The Association for Women Geoscientists has been putting together a pilot mentoring project over the past few months. They've been accepting mentor applications for some time, and now they're making their last call for both mentors and mentees.
From the AWG e-news:
The AWG peer mentoring pilot project has been enrolling mentors since our kick off at the AWG Transitions Convention. We have an interesting mix of AWG mentors, professors, environmental professionals, research lab scientists, and oil and gas professionals. Some are experienced mentors; others are excited to learn how to pass along their experience. We now have more mentors than mentees now but are still accepting mentor applications.
Most people have had informal mentoring relationships over the course of their career. Some employers provide on the job training that is called mentoring. However, there are many reasons to work with an external mentor in a facilitated mentoring relationship. Are you wondering what your next career move should be? Do you need to find someone who can help you:
o Find new role models?
o Gain feedback in a confidential relationship?
o Enhance your networking skills?
o Tap the career wisdom of the senior members of the organization?
o Gain insights into the professional culture?
o Gain wider friendships?
o Gain increased skills to self-direct your career?

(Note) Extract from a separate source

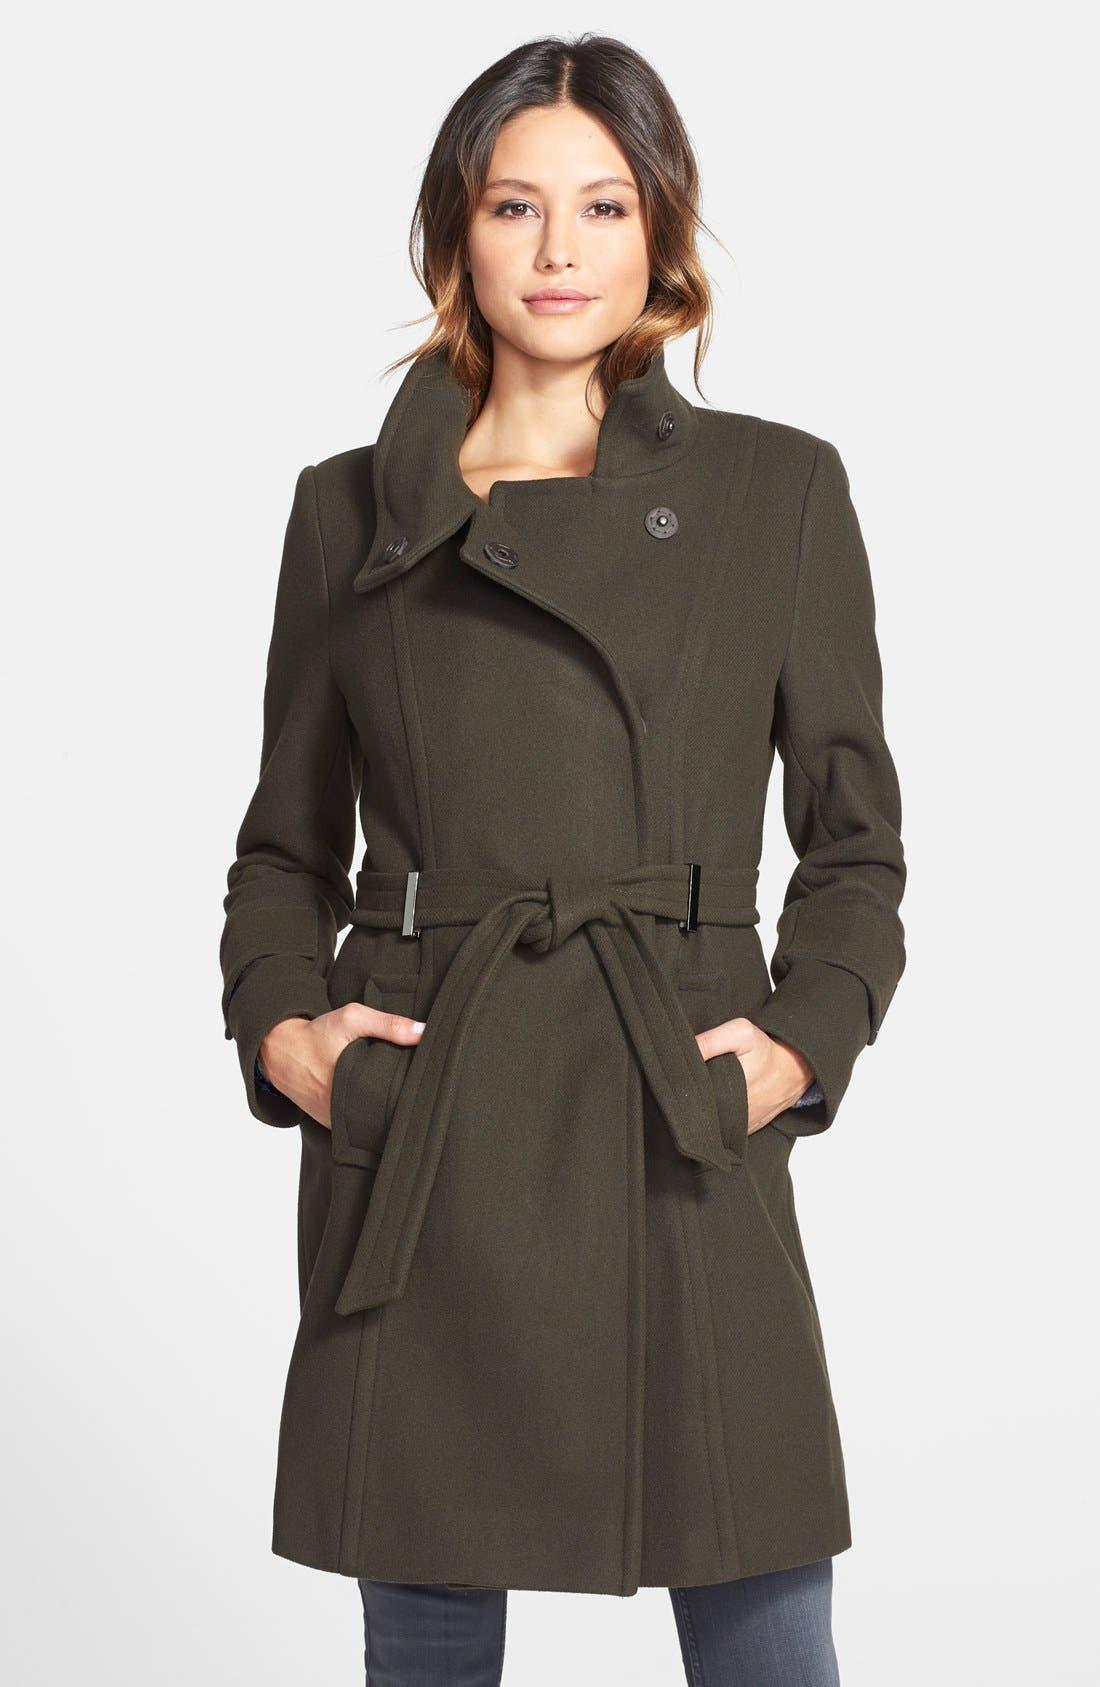 Alternate Image 1 Selected - Elie Tahari 'India' Stand Collar Belted Wool Blend Coat

Maybe it is time for you to work with a mentor. Noted women’s career advocate, Sheila Wellington, reports, “Mentors are more important to career success than hard work, more important than talent, more important than intelligence. Why? Because you need to learn how to operate in the work world – whether in a corporation, a professional firm, a nonprofit, a university, or the public sector – and mentors can teach you how.”
Don’t let this opportunity pass! Visit the website soon to fill out a mentor or mentee profile: http://www.gulfcreek.com/AWG/. Mentees must be AWG members.
The website provides a matching process that allows mentors and mentees to each have a choice in the assignment increasing the likelihood of a successful mentoring relationship. The site offers a training tutorial for mentors and mentees, an open access library of mentoring articles, and additional training materials for participants. The site also automates a monthly support program with suggestions for ways to use a mentoring relationship for competency development.
To our knowledge, the AWG Peer Mentoring Center is the first web based mentoring program designed specifically to connect women in a scientific professional organization for coaching or mentoring relationships. Many professional scientific organizations are now embracing mentoring programs for their membership or their student members. Our program combines elements successful in workplace mentoring programs with those from telementoring programs that support students. Our program will teach you about mentoring and support your mentoring relationship.
This is a unique opportunity to enhance your career and help AWG to develop an important new program to benefit our membership. Feel free to contact me with any questions, Elizabeth.pottorff@state.co.us. Thanks!
More information and forms for signing up here. Mentees must be AWG mentors; mentors can be anyone.
(Also, I'm not sure why they don't list the mining industry as employing mentors. If you work with ore deposits and want to help mentor, your expertise might be needed!)